Once the pictures are set aside, transcribe each line of the data exactly.

- [Information supplied]:
+ + + + + + +
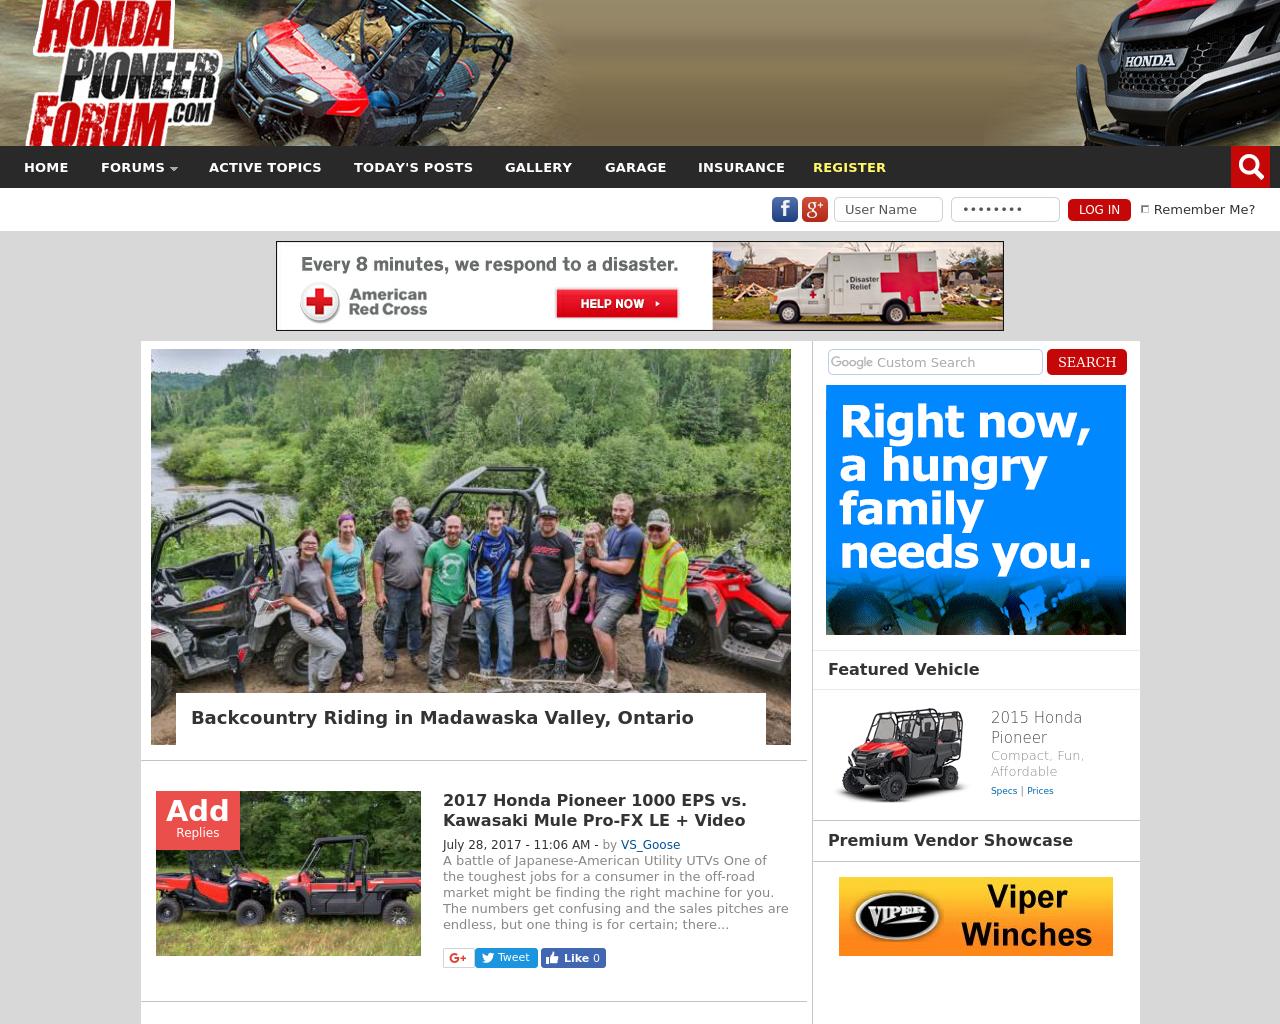 Honda-Pioneer-Forum-Advertising-Reviews-Pricing
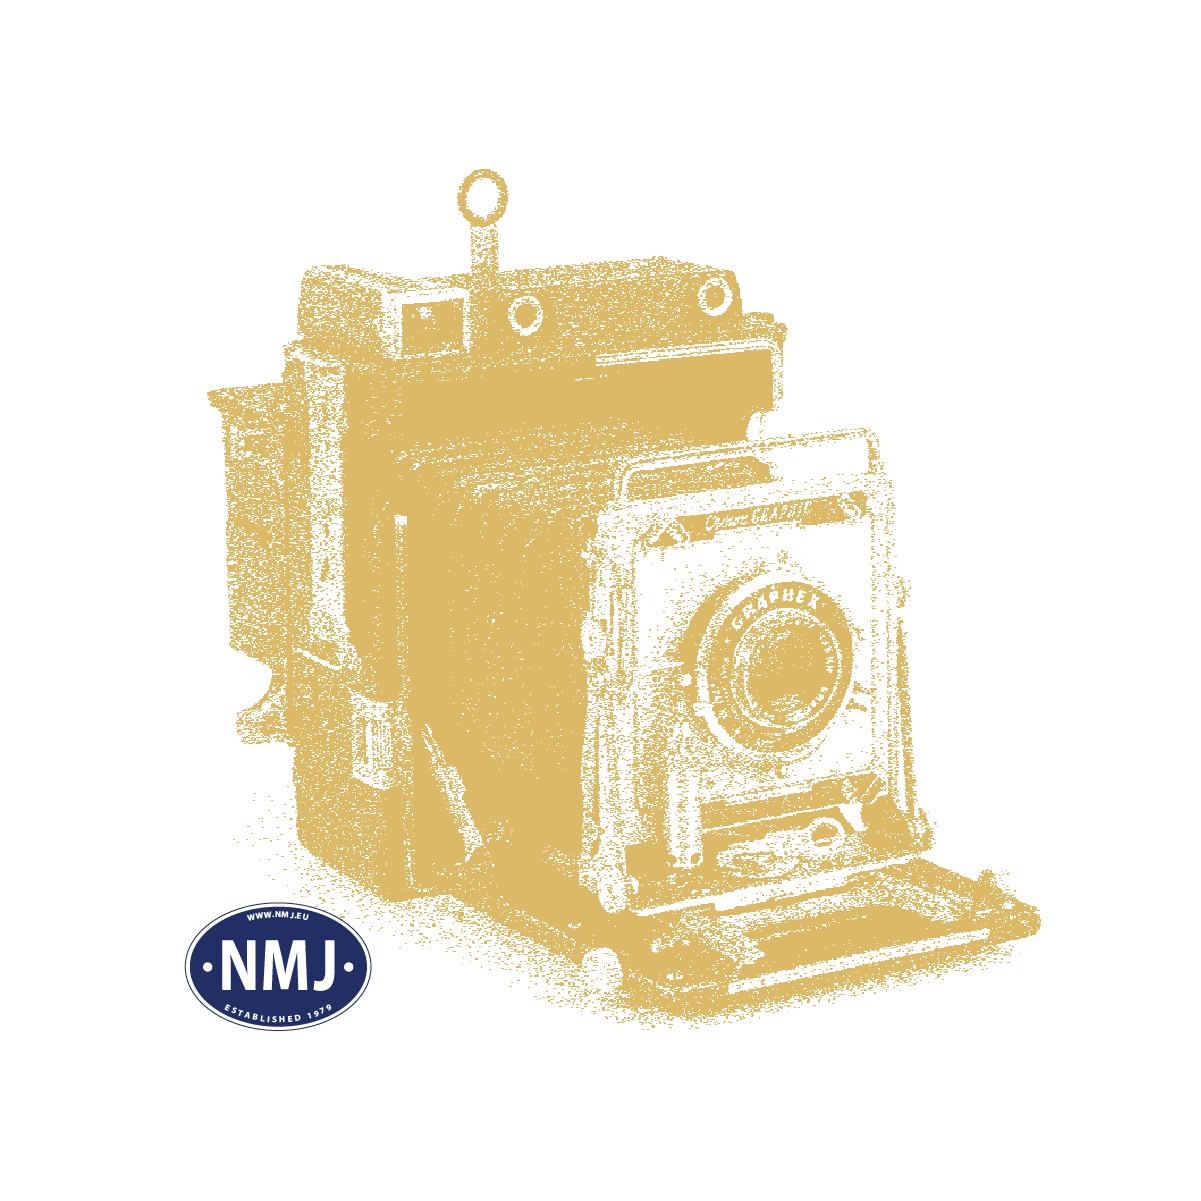 KRF39 - NSB Litra Di4 651-655 1990-2017, DVD
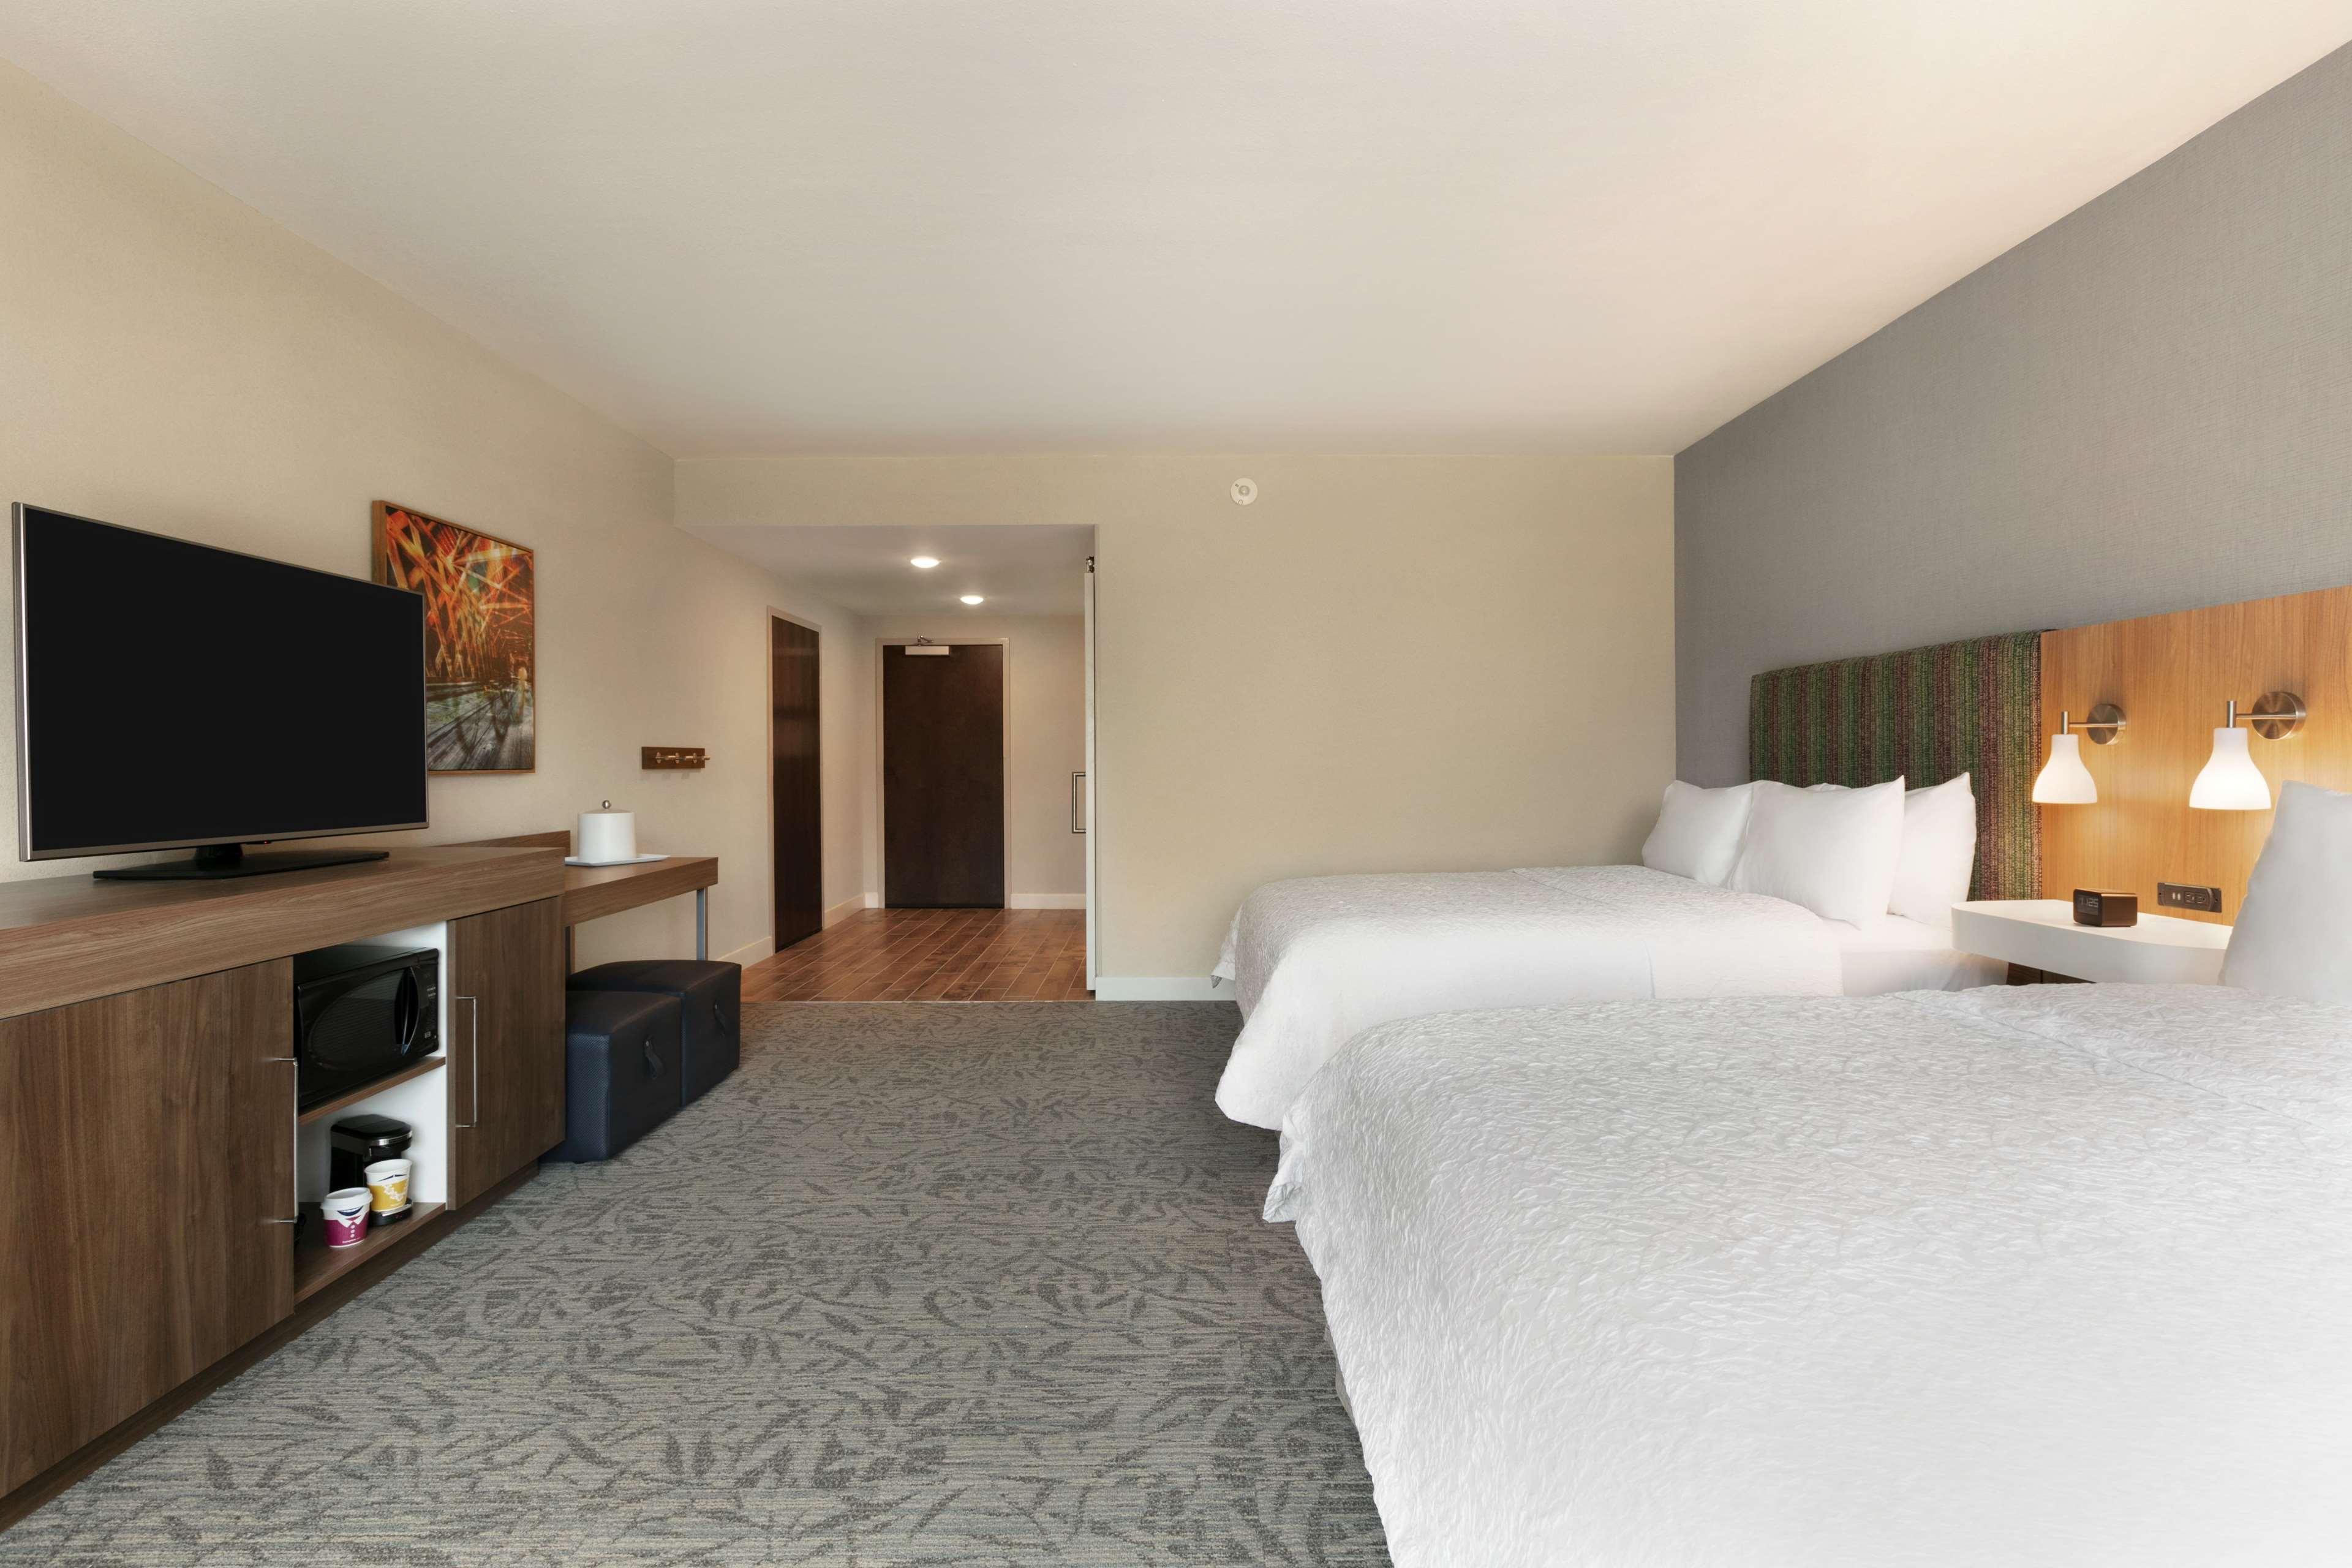 Hampton Inn and Suites Johns Creek image 25
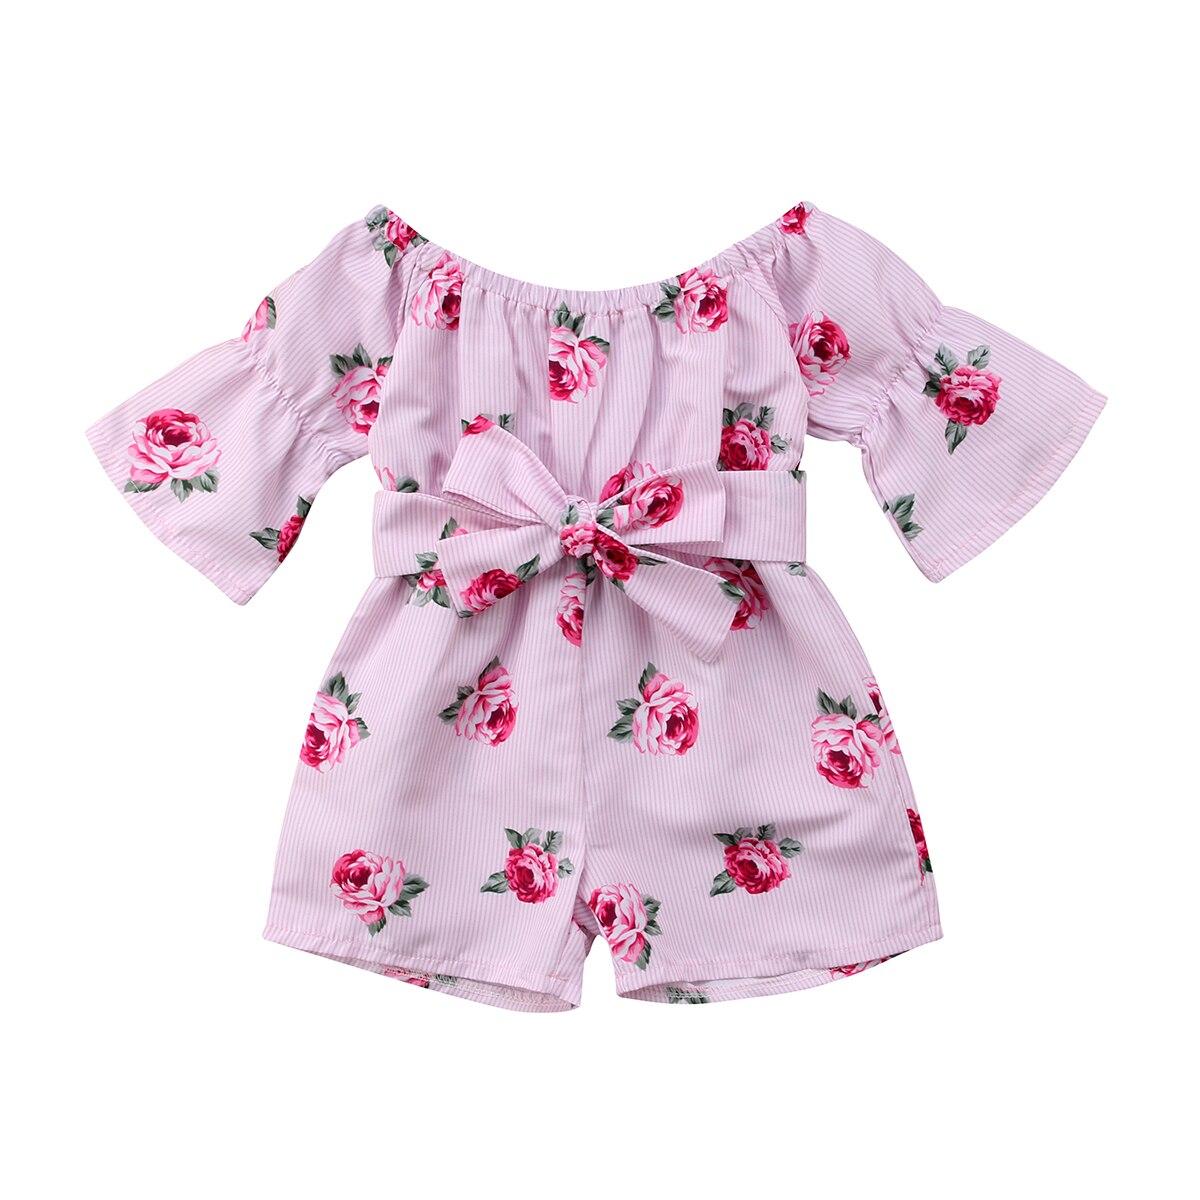 Citgeett Zomer New Kids Baby Meisje Bloemen Paars Romper Zomer Jumpsuit Sunsuit Outfits Kleding Leuke Kleding 0-5Y
+ + + + + + +
- [Exercise solution]:
 Honda-Pioneer-Forum-Advertising-Reviews-Pricing
 KRF39 - NSB Litra Di4 651-655 1990-2017, DVD
 Hampton Inn and Suites Johns Creek image 25
 Citgeett Zomer New Kids Baby Meisje Bloemen Paars Romper Zomer Jumpsuit Sunsuit Outfits Kleding Leuke Kleding 0-5Y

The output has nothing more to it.